Like S&T Bank, TD Bank offers fixed-rate and adjustable-rate mortgage options. TD’s program, however, is more geographically expansive than S&T. TD Bank’s program is open for home purchases in the District of Columbia and 15 states: CT, DE, FL, MA, ME, MD, NC, NH, NJ, NY, PA, RI, SC, VA, and VT. S&T Bank physician financing is available in only eight (8) states.

Pros and Cons

Here’s a quick highlight of the pros and cons of S&T Bank’s physician mortgage program.


  • Open to a broad range of medical and non-medical professionals. This includes MD, DO, DDS, DMD, DVM, or OD degrees, and in certain instances, a JD or PhD degree may qualify.
  • Open to medical residents; full-time residents in a qualifying medical profession can obtain financing.
  • Lenient credit score A minimum score of 700 is needed for financing; many other similar bank programs require at least 720.
  • No maximum loan amount. Other physician programs generally cap financing at $1.5 to $3.5 million.


  • No 100% financing options. A down payment of at least 5% is required for any mortgage option.
  • Not offered in all 50 states. S&T’s physician loan program is available only in eight (8) states: PA, OH, NJ, WV, DE, KY, MI, and VA.

Frequently Asked Questions

Are Dentists Eligible for a Medical Loan from S&T Bank?

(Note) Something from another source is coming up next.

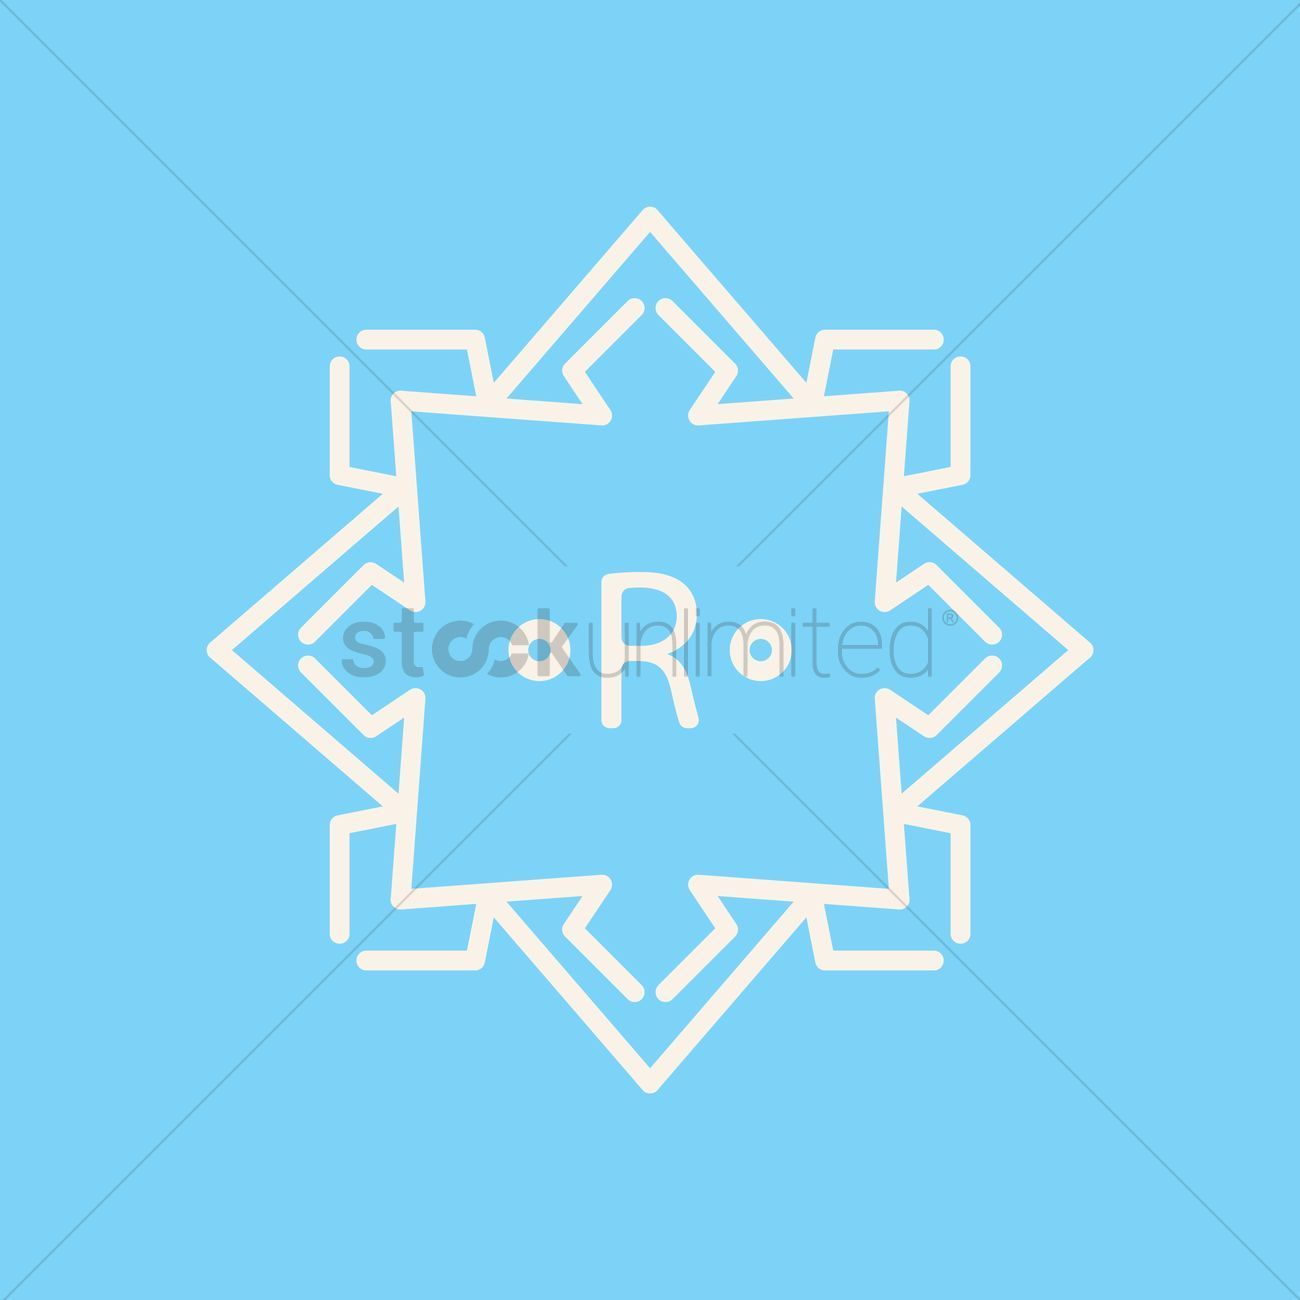 ornament design element stock vector Symmetrical ornament design element stock vector

Probably. S&T Bank publishes limited information about doctor loans on its website. Among eligible professionals, DDS, OMS, and DMD degrees are not specified. However, these are all advanced medical degrees and S&T does advertise flexibility in working with a wide range of advanced-degree professionals in and outside of medical fields. Our editorial team has reached out to S&T Bank for a more definitive answer.

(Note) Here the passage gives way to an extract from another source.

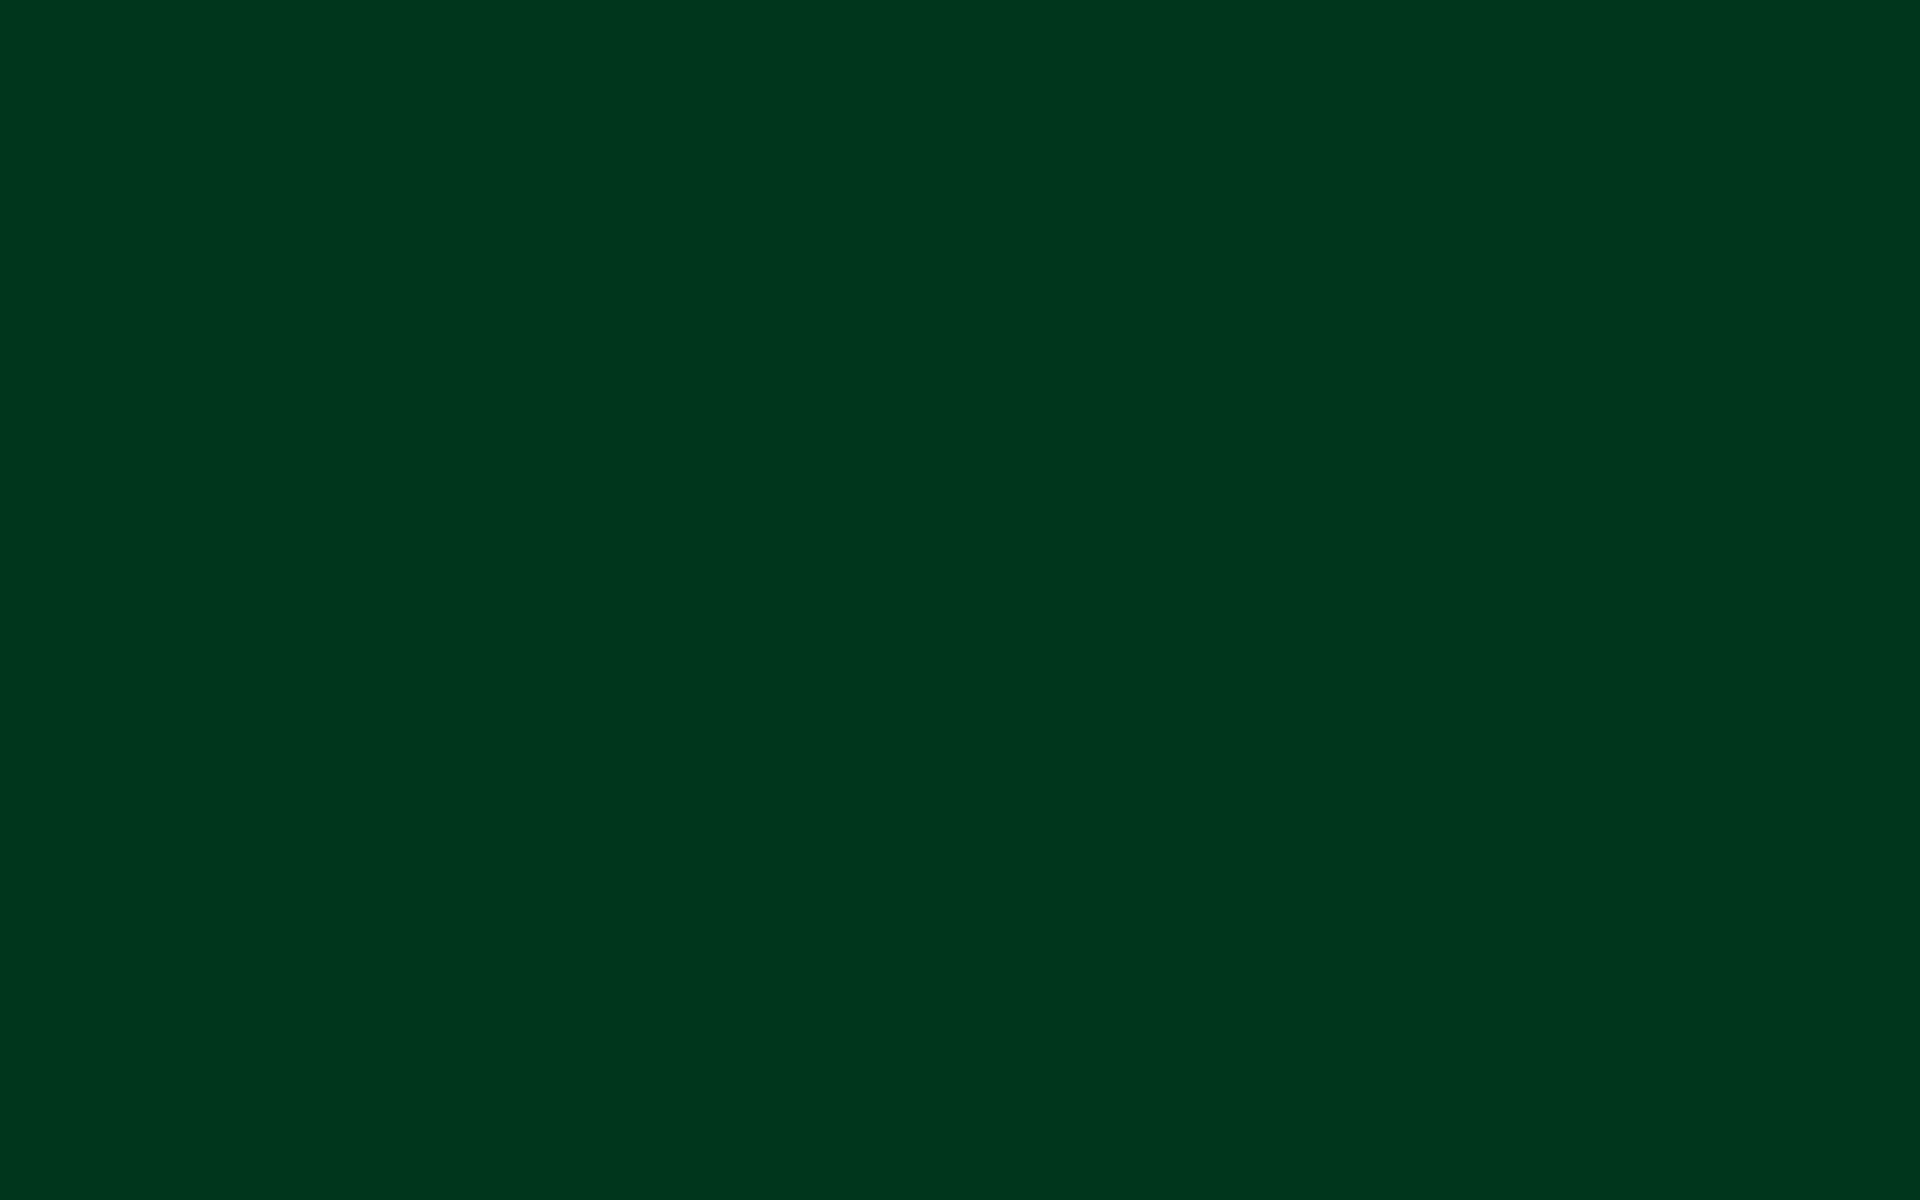 Steve o'sullivan - Green trax

Are There Closing Costs for Physician Mortgages?

Generally, yes. Closing costs commonly range from 3% to 5% of the total loan amount. While it’s often possible to obtain a doctor loan with no down payment and no PMI requirements, you’re unlikely to get a no-closing-cost loan here. Closing costs can generally be financed or rolled into your total mortgage, however, this will increase your monthly loan payments.

Assuming 4% closing costs, that would be $20,000 in closing costs for every $500,000 borrowed.